The reader continues pondering whether the Jews of Asia belong to the ambiguous designation of "they" and as members of the Jewish-Christian group who decided not to accept Paul's interpretations-explanations. Generally in the history of interpretation, these Jews of Asia have been considered as outsiders to the Jewish-Christians. Luke does not offer explanations either on the identity of the group or even on their indictments against Paul. He clarifies only the false charges of bringing foreigners into the temple as "they supposed." This again makes us believe that the accusations may be true.

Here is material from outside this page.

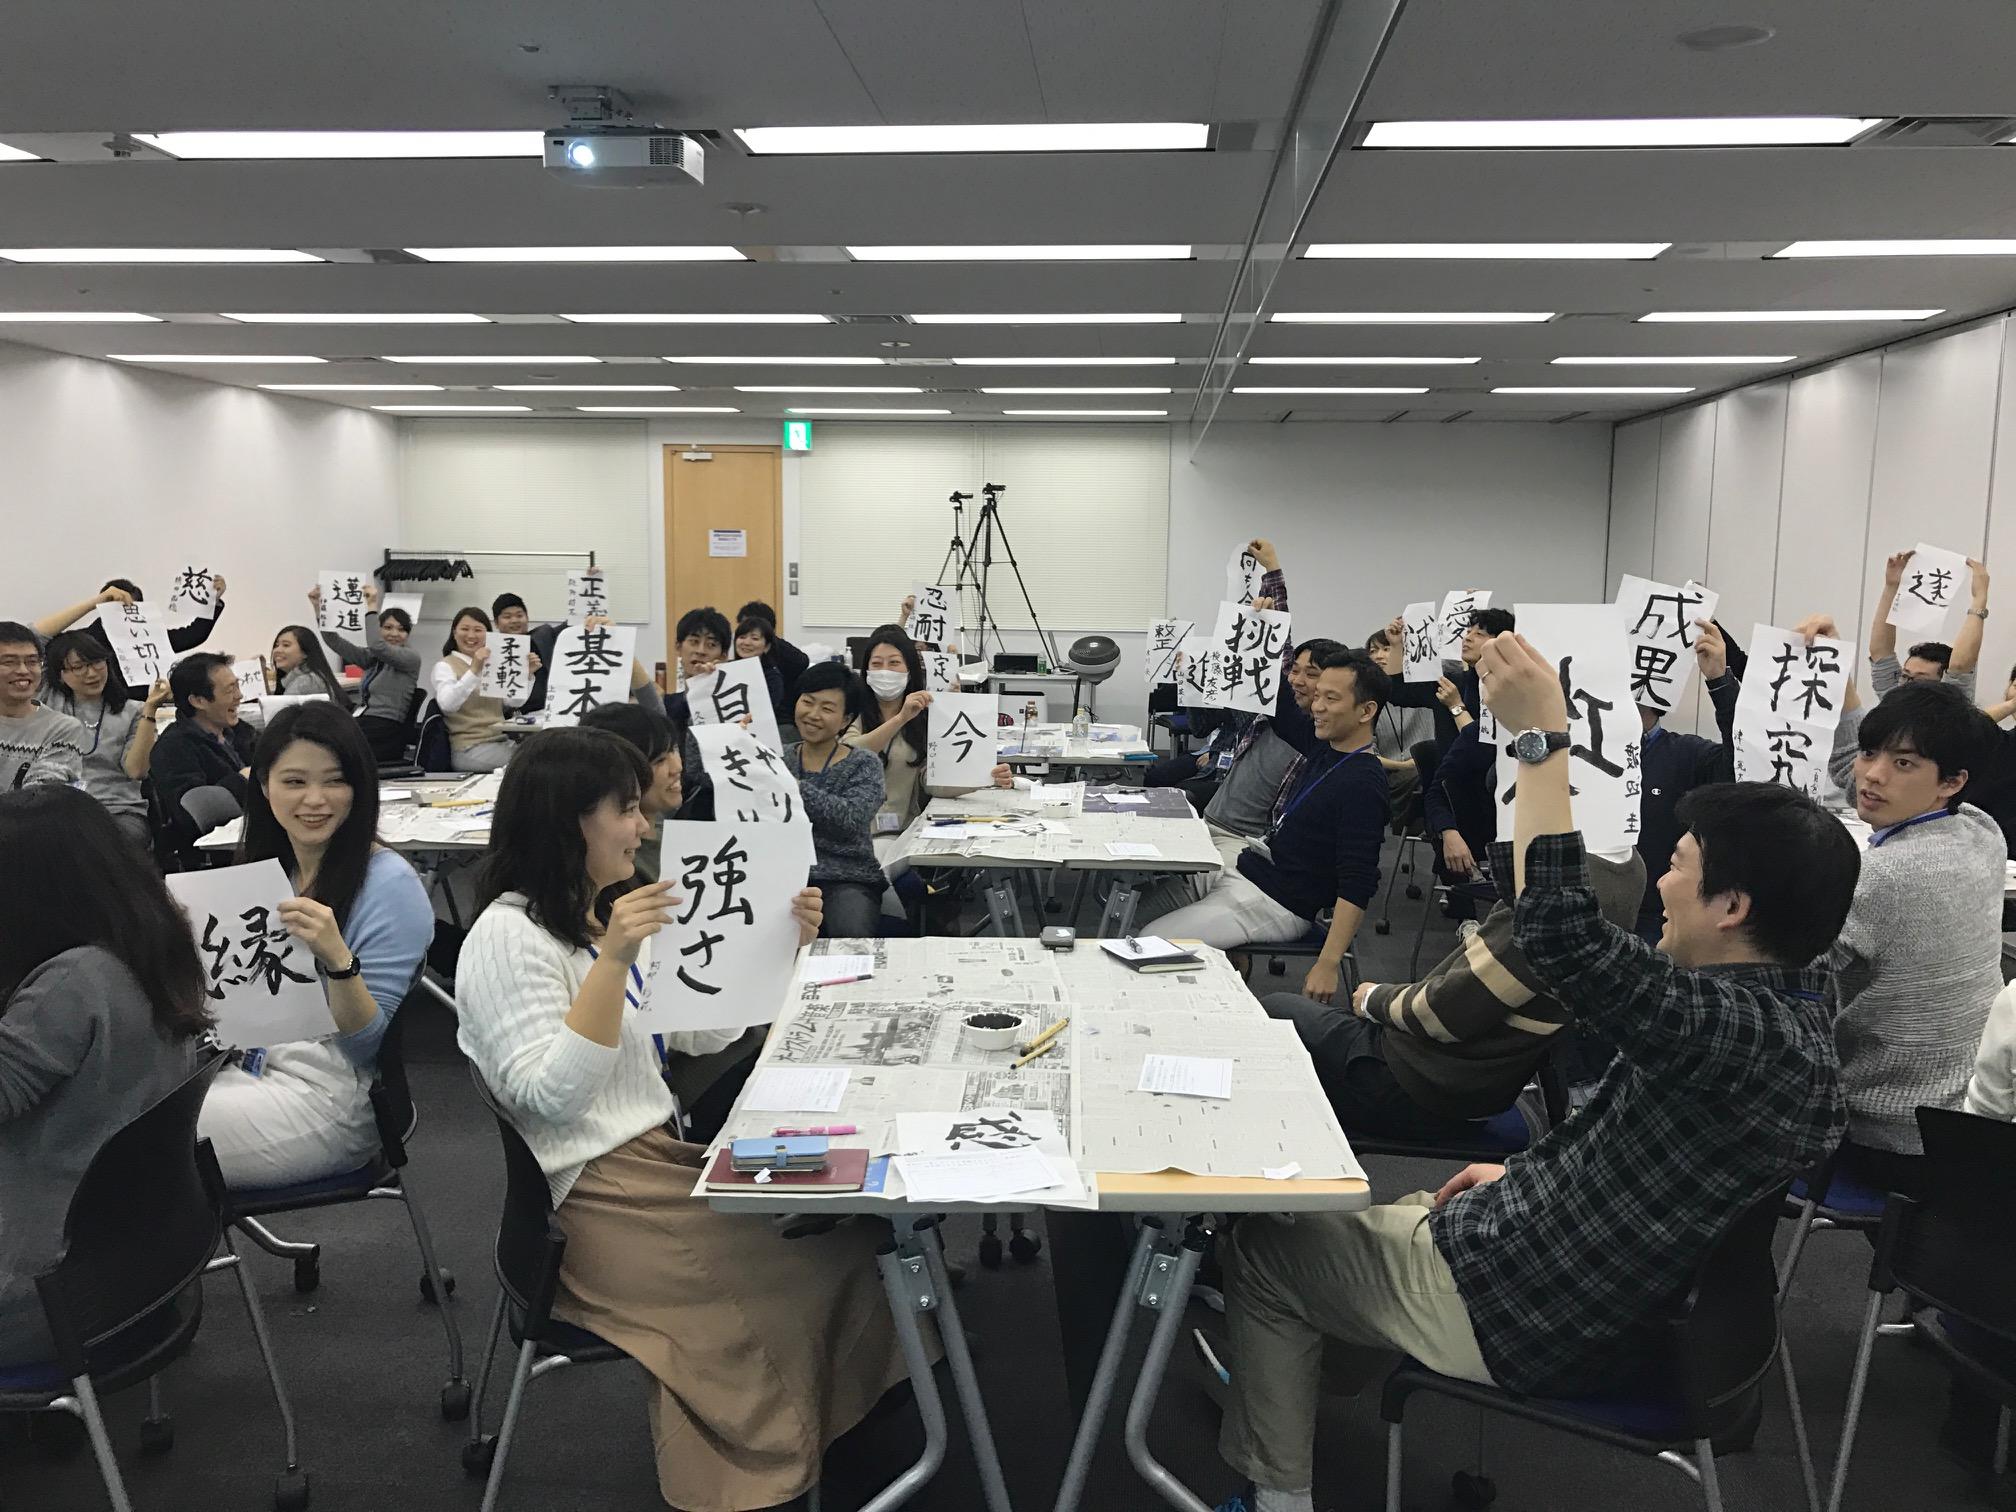 \\50人の書き初め大会!// 事業部キックオフレポート

There are interesting intertextual connections with the word apostasia. Perhaps, the passage that reveals best the concern of identity, keeping the traditions for future generations is Joshua 22. There are similar foreshadowing connections with the conceivable rebellion-apostasy (Heb. marad) of the tribes of Israel, remaining on the Eastern shore of the Jordan, erecting a copy of the altar. The high priest and rulers-archons from each tribe, perhaps synonymous of the role of the elders, decide to make war against their 'brothers' for alleged apostasia, abandoning their customs. The narrative explains that the pseudo-altar was built as a memorial/witness for future generations, to ensure that the Eastern tribes were also part of the people of God, though they were living outside the physical boundaries of Israel, they were still Israelites. Definitely, this is a clear challenge to the identity paradigm. Paul's ministry expands the territorial--boundaries teaching Jews and Gentiles to live outside of these, but keeping the identity of an Israelite. Perhaps, Luke without defending the charges purposely proclaims them.

Similarly, Josephus uses the intertextual of apostasia in the sense of political and religious power, but in the reminiscences of altering issues of identity, ie., nationalistic identity as in Joshua 22. The intertextual, though a fascinating narrative, remains at the end only in that sphere. Anyone undermining the integrity of the identity of the people of God, losing national identity markers or leading others to do so, is punishable according to both Paul and the Mishnah. The future tractate m.'Abot 3.12 condemns anyone who leads in apostasy from Moses to others, "such a person has no place in the world to come."

Thus the struggle continues, since Luke presents the apostle Paul as being conciliatory about the Jews and the customs of their ancestors. Paul's mission welcomes both Jews and Gentiles (cf. Acts 28). Paul understands that in order to fulfill Judaism, the Gentiles must enter into the fold. His submission does not depend just on his chameleon spirit aka 1 Cor 9, "be a Jew to the Jew," but it shows really who he is. (119) The subservient, passive and inaudible Paul during the time of the trials, complained only once at the Jewish Sanhedrin for his Pharisaical belief and later in the presence of King Agrippa for the chains. After all, he is aware of the Spirit and the church has prophesied about his sufferings.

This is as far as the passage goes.